Gains in technology and health care companies outweighed a slide in communications stocks, retailers and elsewhere in the market. The S&P 500 rose 0.1% and notched a 1.2% gain for the week.
The benchmark index closed out the final day of trading in May with a monthly gain of 0.5%. That’s the index’s fourth straight monthly increase and follows a bumpy few weeks in the markets as investors moved past a stellar corporate earnings season and focused on the tug-of-war between the economic recovery and rising inflation.
Wall Street largely shrugged off a report indicating consumer spending increased last month, the latest economic snapshot to show inflation accelerating in the U.S. economy. Treasury yields fell, including the yield for the benchmark 10-year Treasury. Typically, worries about rising inflation fuel expectations of higher interest rates, which can cause bond yields to rise.

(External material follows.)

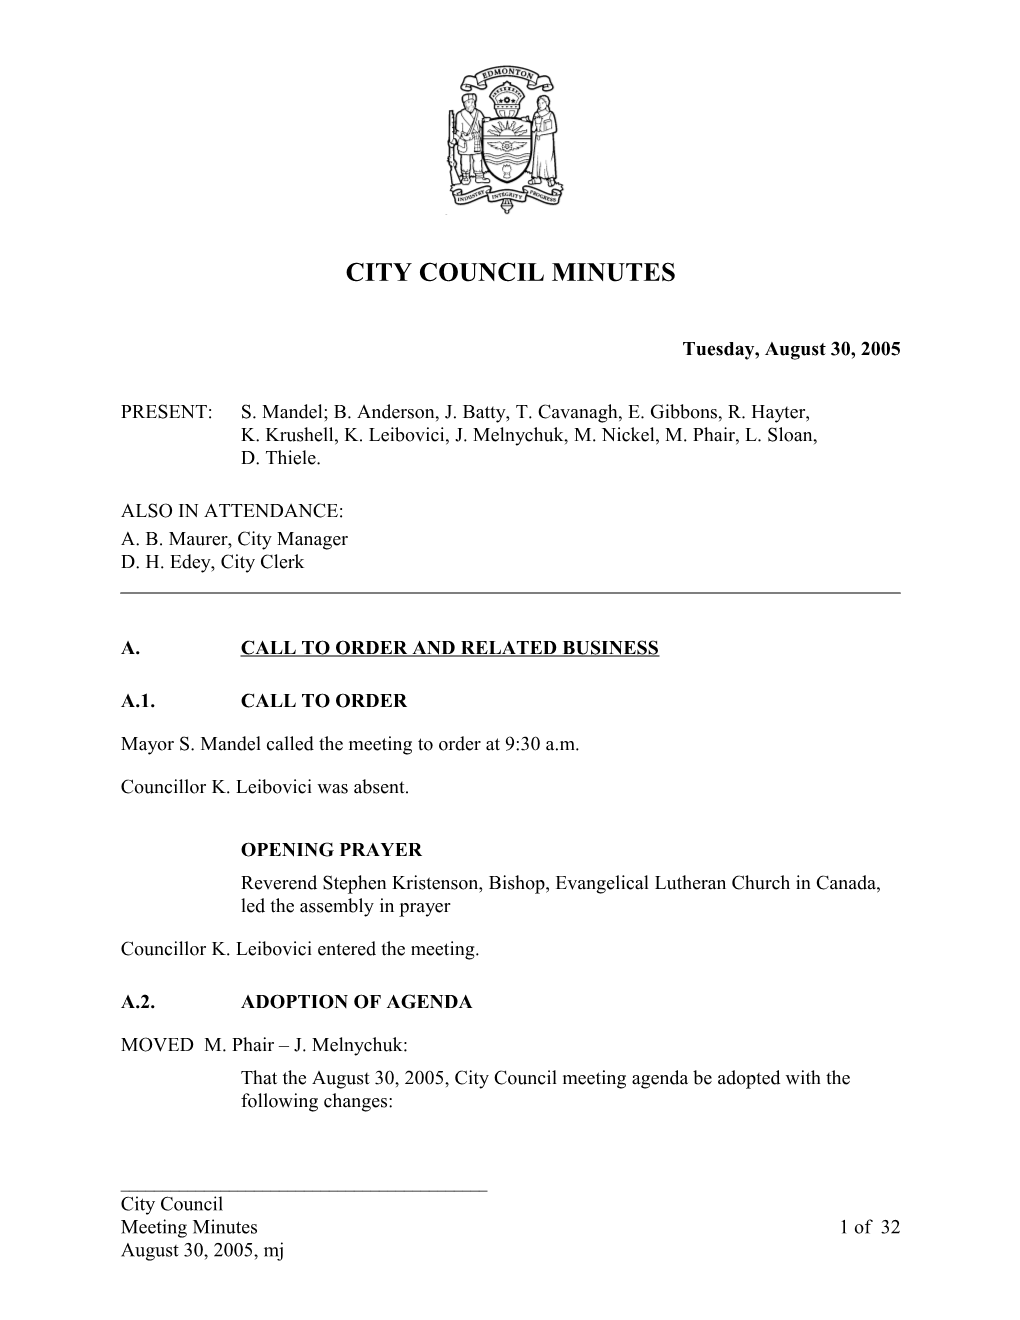 Minutes for City Council August 30, 2005 Meeting

“It’s an indication that inflation is going to be transitory,” said Tom Martin, senior portfolio manager with Globalt Investments. “Today was just generally an up day, plus the volumes in the market have been pretty light lately, especially this week.”
The S&P 500 rose 3.23 points to 4,204.11, its third straight gain. The Dow Jones Industrial Average added 64.81 points, or 0.2%, to 34,529.45. The tech-heavy Nasdaq gained 12.46 points, or 0.1%, to 13,748.74.
Smaller company stocks, which have outperformed the broader market this year, fell. The Russell 2000 index lost 4.10 points, or 0.2%, to 2,268.97.